Tyrosinase, TRP-1, and TRP-2 play important roles in melanogenesis [25]. MITF is a well-known regulator to affect the activity of the abovementioned enzymes. It binds to M-box in the promoters of tyrosinase and melanogenic enzymes, thereby inducing their expression. In order to determine the mechanism by which pratol stimulates melanin biosynthesis, we investigated the expression of MITF and its target genes, including tyrosinase, TRP-1 and TRP-2, by western blotting analyses.
As shown in Figure 4, B16F10 murine melanoma cells treated with pratol showed a significantly increased expression of tyrosinase, TRP-1, and TRP-2. To understand the transcriptional regulation of tyrosinase and TRP-2 genes, we investigated the effect of pratol on the expression of MITF. As shown in Figure 5, results of the analysis showed time- and concentration-dependent increase in the expression of MITF and the melanogenic proteins following treatment of B16F10 cells with pratol.

2.5. Pratol Suppresses p-AKT Expression in B16F10 Melanoma Cells

Previous studies have revealed that AKT signaling pathways participate in regulating melanogenesis [17,18]. Therefore, upstream signaling pathways underlying the hypopigmentary effect of pratol were investigated. The expression of AKT and its phosphorylated form were analyzed by western blotting. The results clearly showed that pratol reduced AKT phosphorylation in a dose-dependent manner. Pratol significantly reduced AKT phosphorylation at a concentration of 50 μM (Figure 6). These findings show that pratol strongly enhances melanogenesis by markedly reducing the phosphorylation of AKT.

2.6. Pratol Increases p-ERK, p-p38, and p-JNK Expression in the MAPK Pathway

Recently, the MAPK signaling pathway has been reported to be associated with melanogenesis. The activation of p38 MAPK, ERK, and JNK in B16F10 cells was examined to elucidate the mechanism underlying the hypopigmentary effect of pratol. As shown in Figure 7, pratol significantly increased phosphorylation of p38 MAPK, ERK, and JNK in a dose-dependent manner.

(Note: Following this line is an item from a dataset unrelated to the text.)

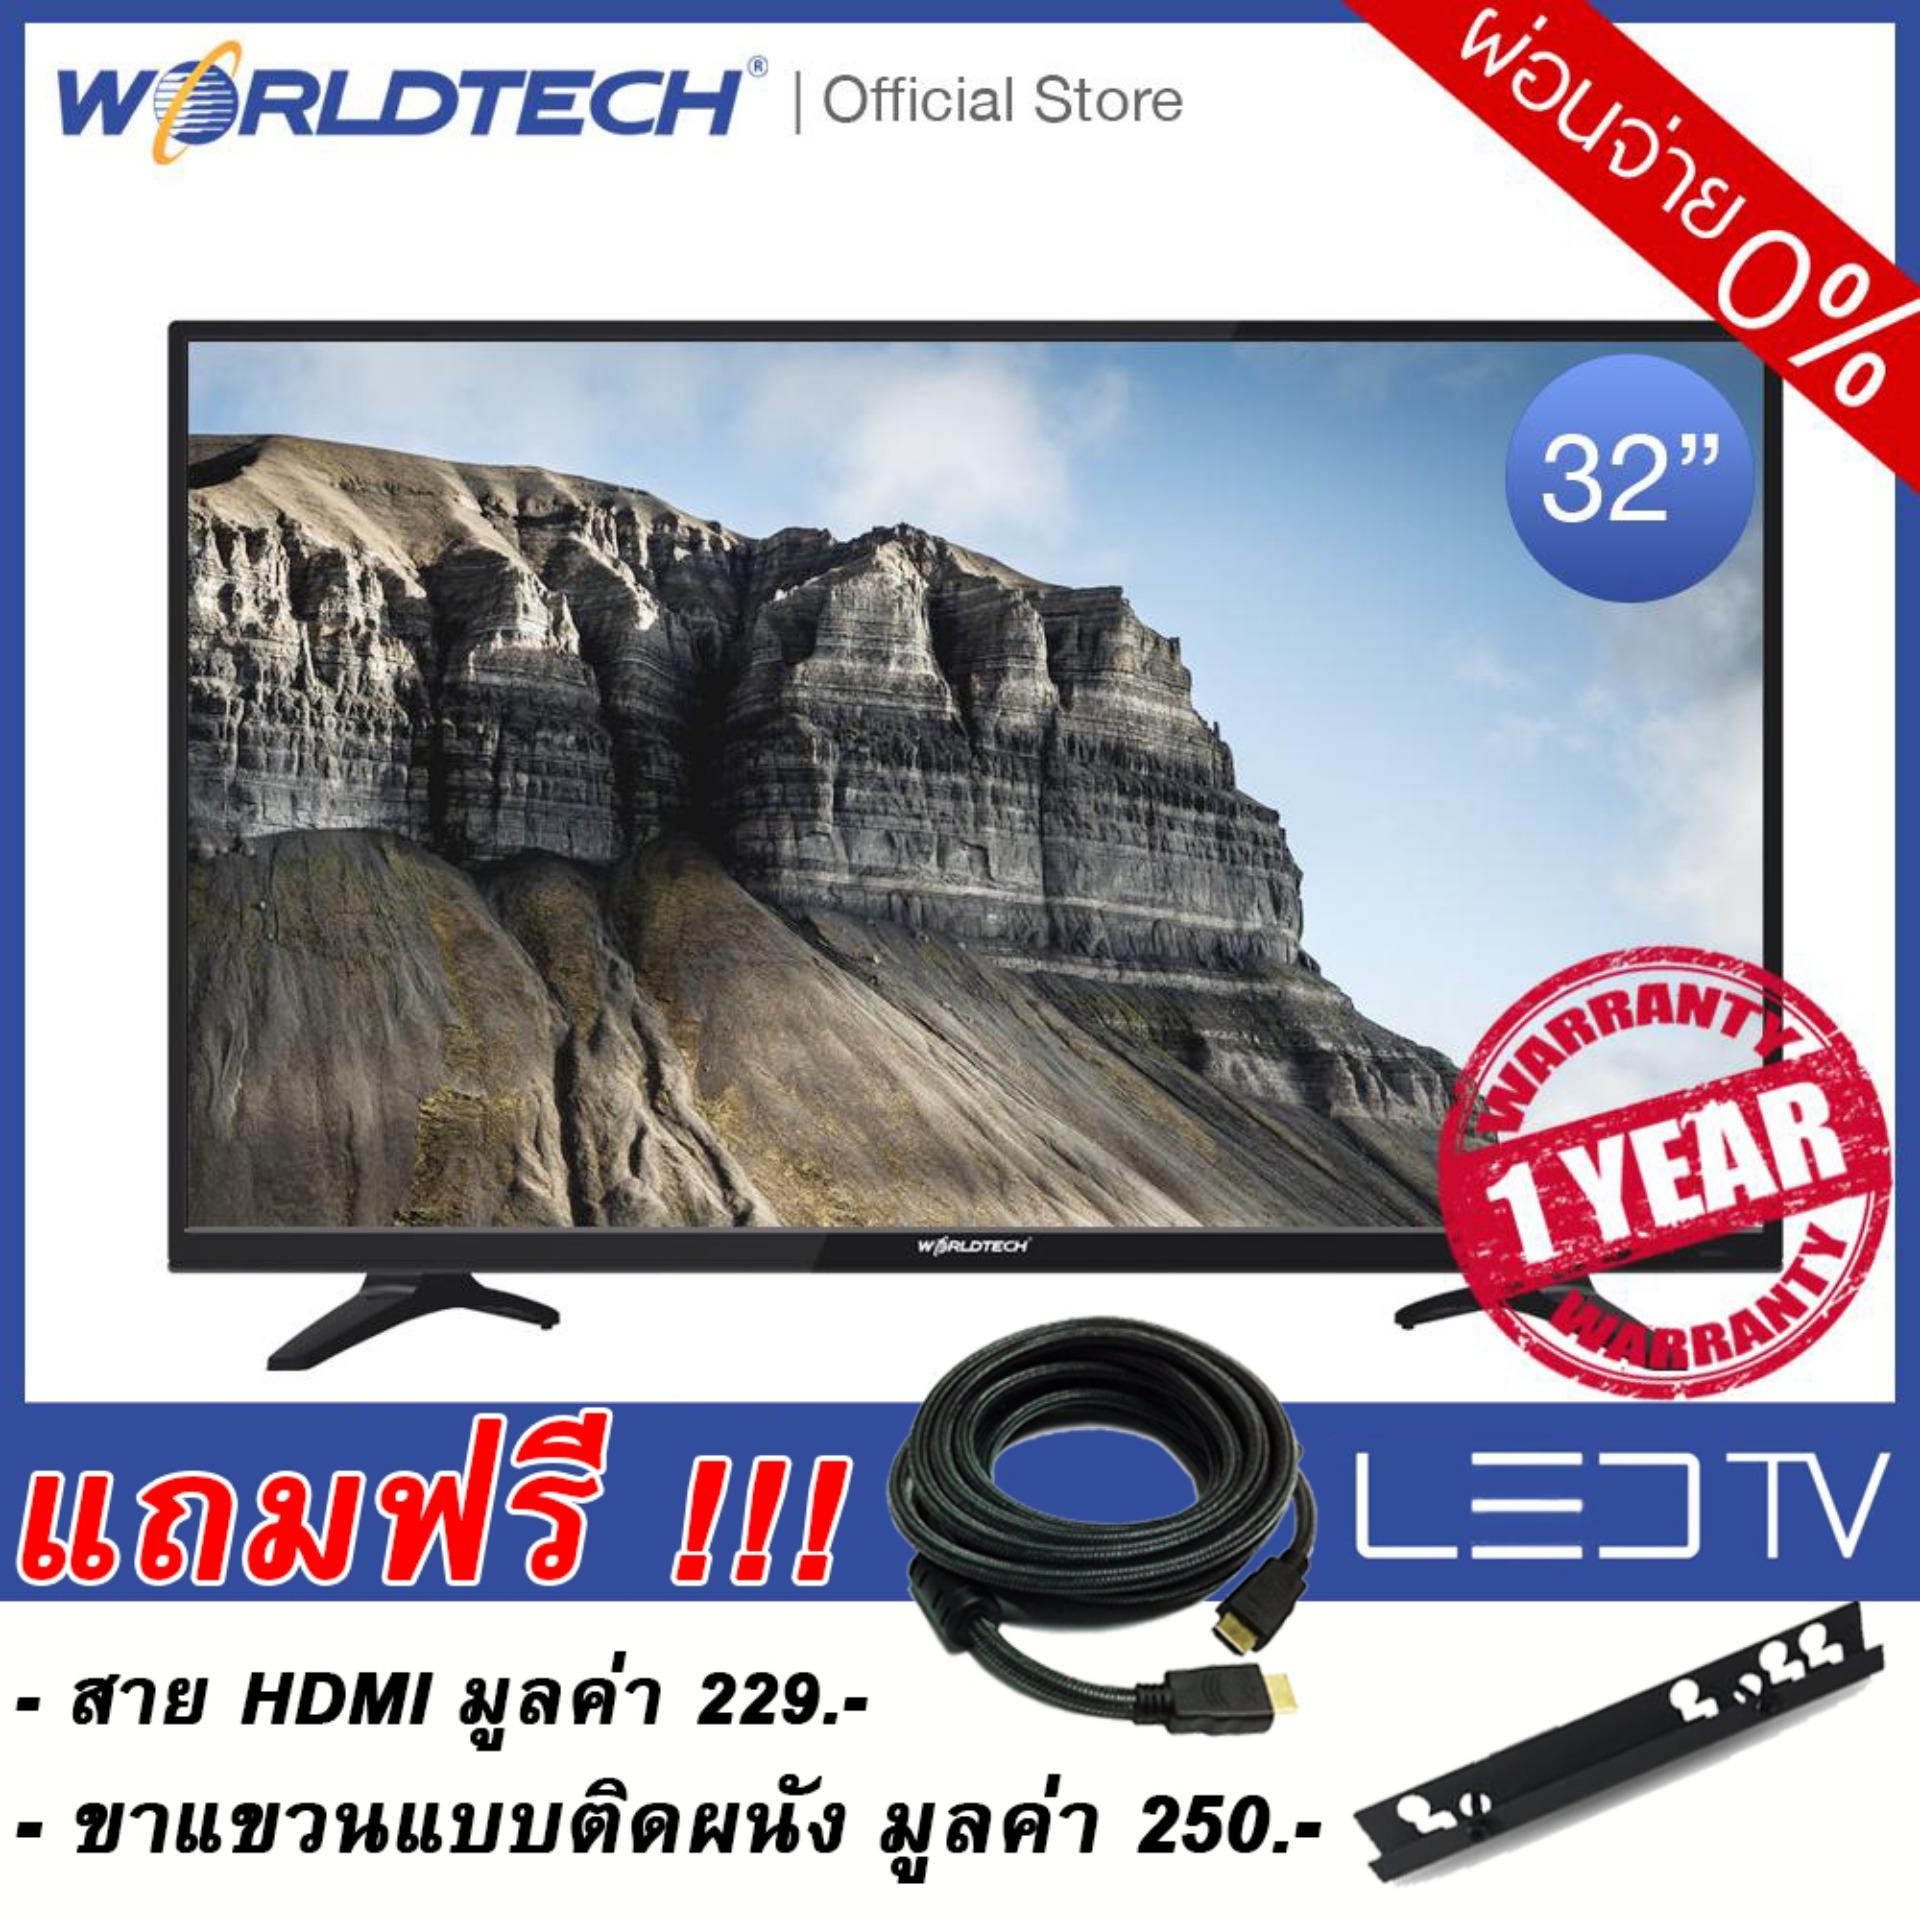 LEDTV (แอลอีดีทีวี) Worldtech ขนาด 32 นิ้ว รุ่น WT-LED3201

Given that the MAPKs were activated in B16F10 cells, whether they were involved in the up-regulation of tyrosinase activity was then assessed. We treated the cells with 10 μM of SB203580, SP600125, and PD98059, which are inhibitors of p38, JNK, and ERK, respectively. As shown in Figure 8a, SB203580 or SP600125 markedly attenuated pratol-induced improvement of tyrosinase activation in B16F10 cells. This indicated that pratol-induced tyrosinase up-regulation was correlated with p38 and JNK activation.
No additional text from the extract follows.